**** Source data

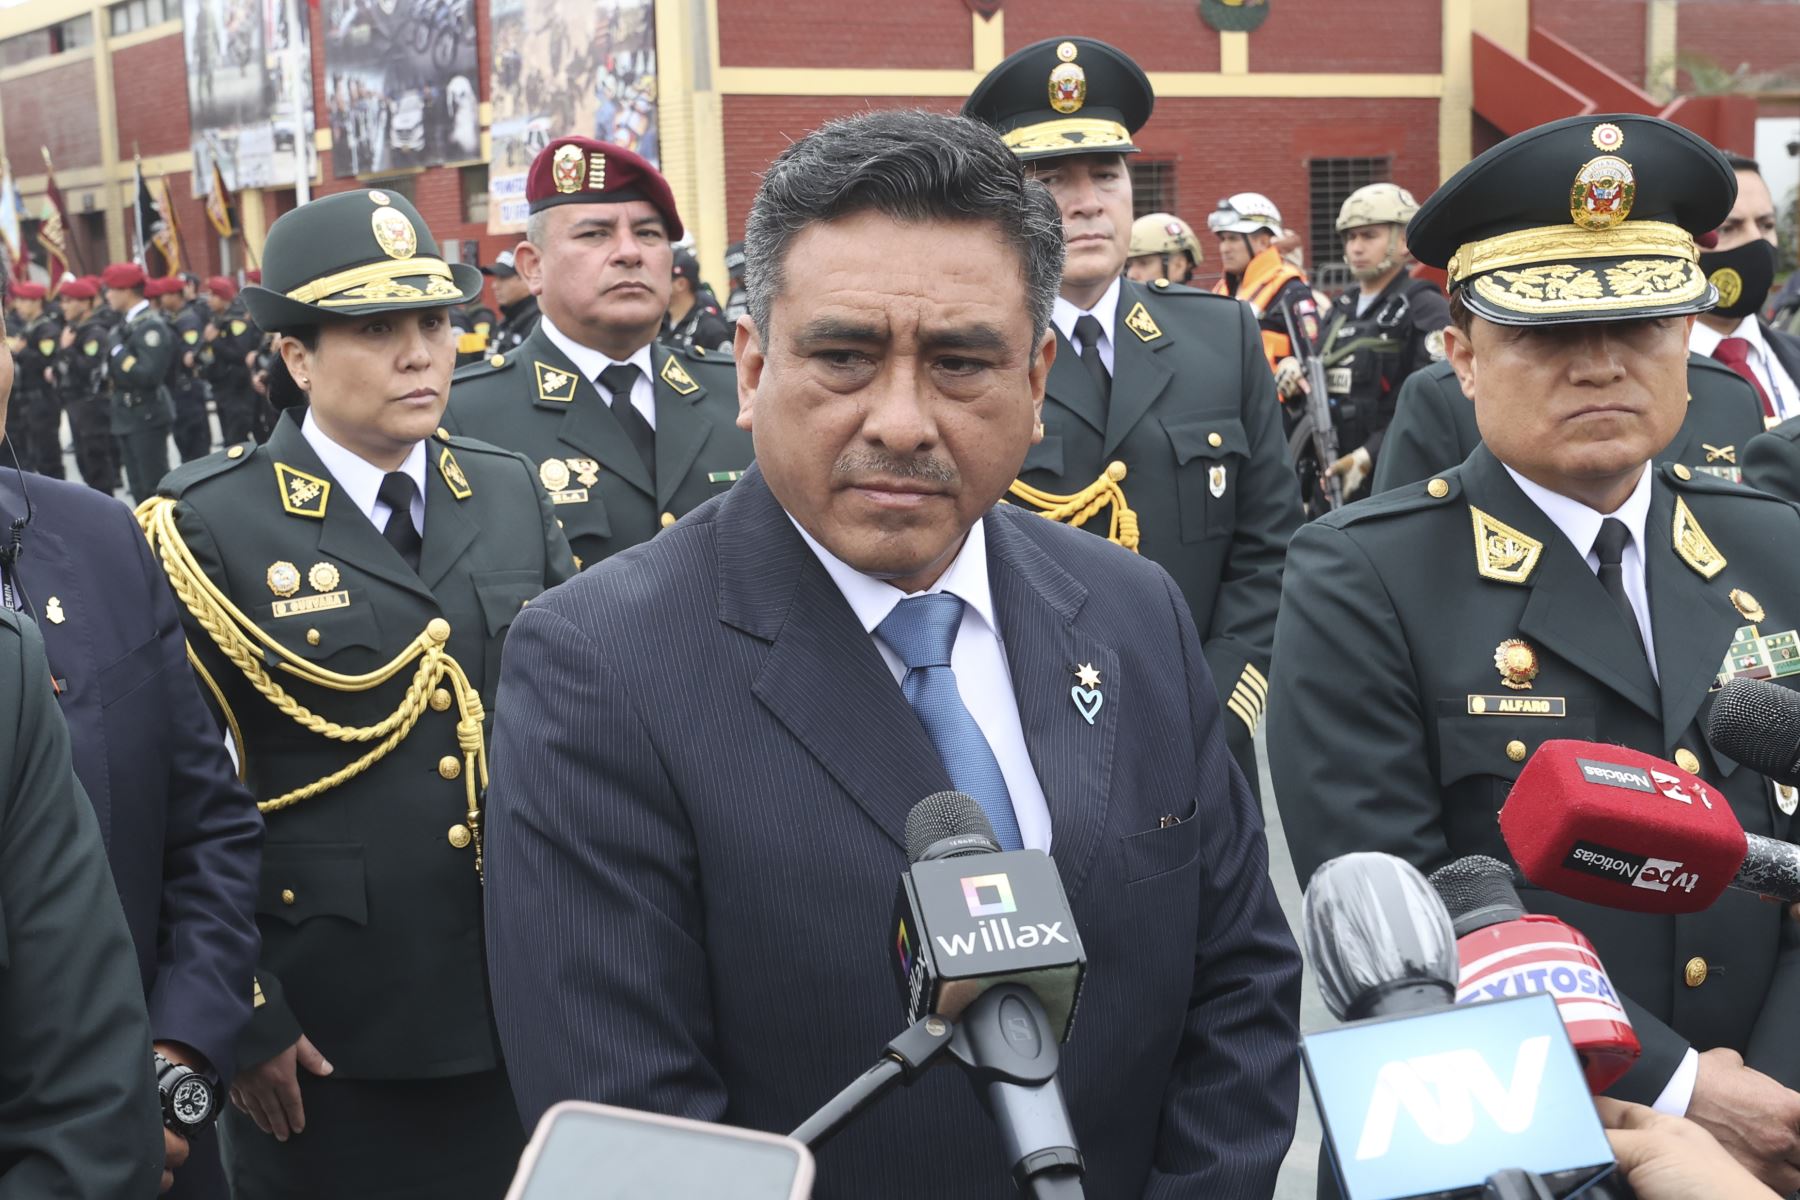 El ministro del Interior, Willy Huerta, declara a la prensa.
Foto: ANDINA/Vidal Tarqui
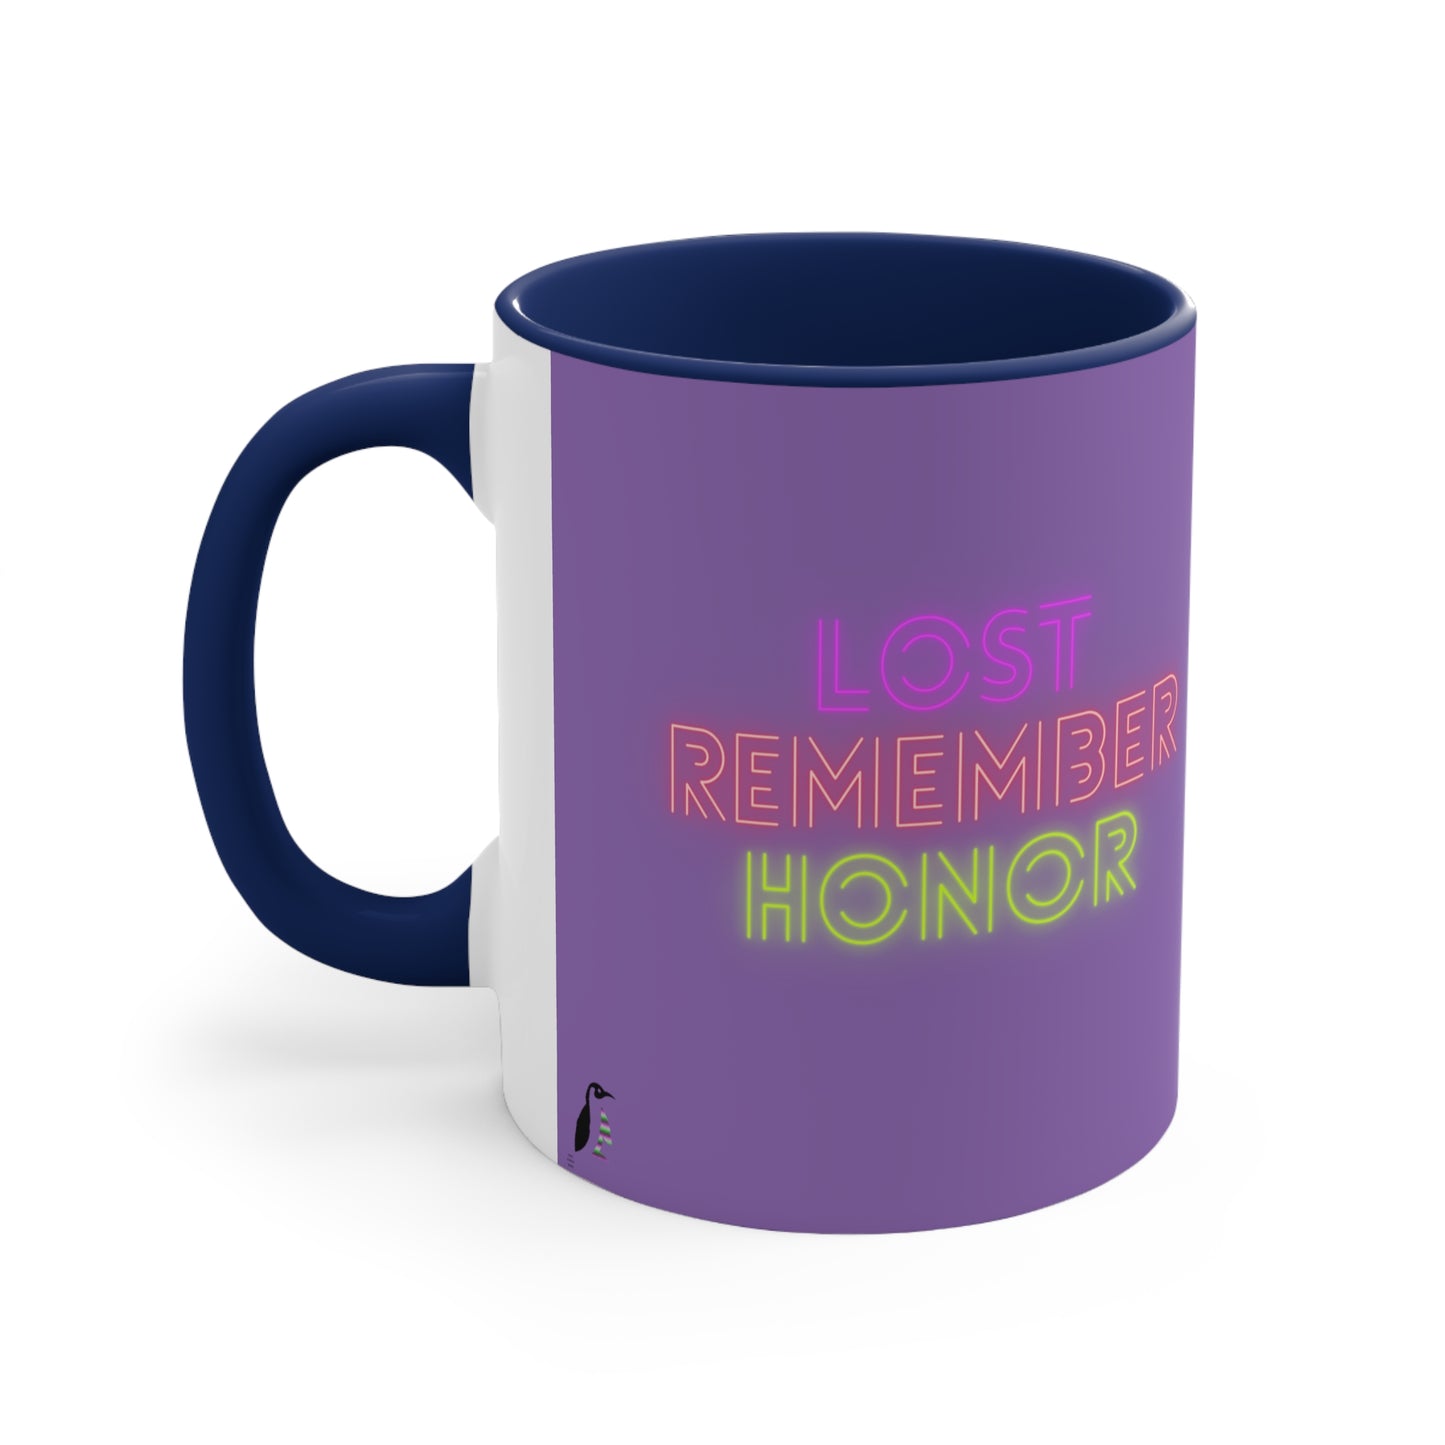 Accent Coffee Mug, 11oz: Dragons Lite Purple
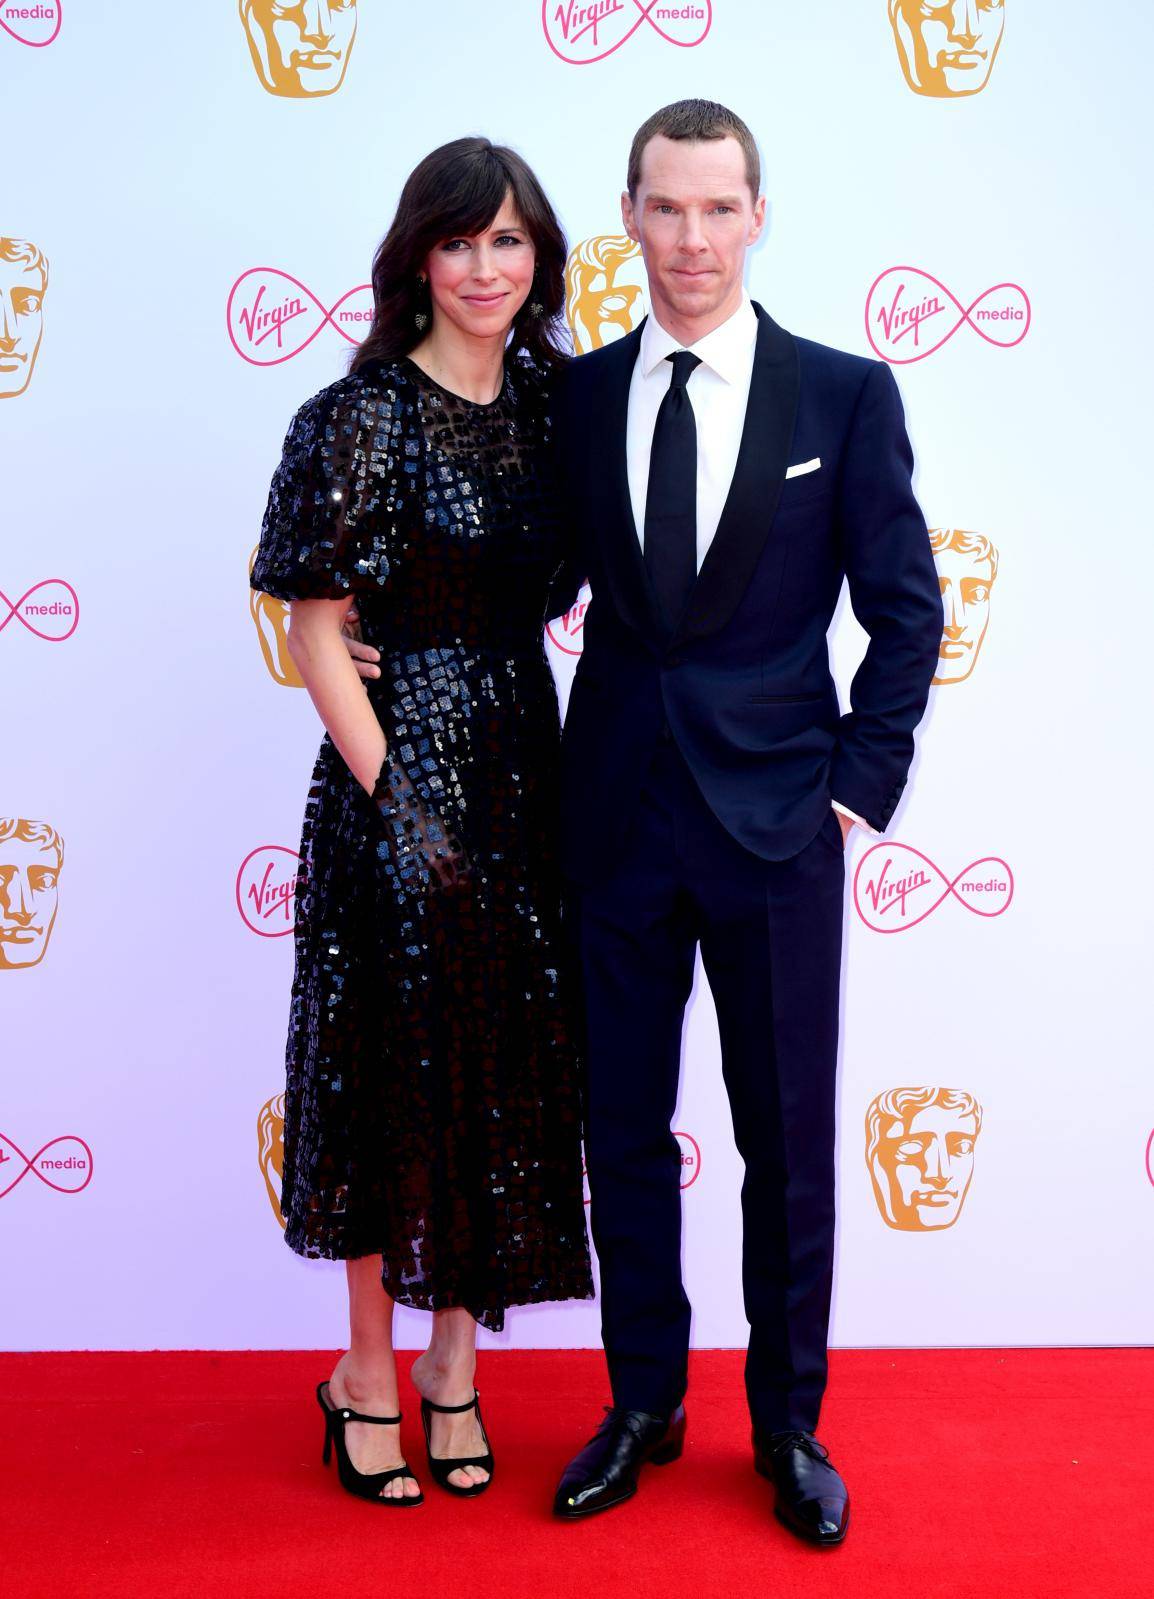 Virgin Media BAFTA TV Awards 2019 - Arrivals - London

********

» **Task item**:
Where the line with "Foto: ANDINA/Vidal Tarqui" appears, begin there and transcribe exactly through the last line of the data, leaving all pictures aside.

» **Answer**:
Foto: ANDINA/Vidal Tarqui
 Accent Coffee Mug, 11oz: Dragons Lite Purple
 Virgin Media BAFTA TV Awards 2019 - Arrivals - London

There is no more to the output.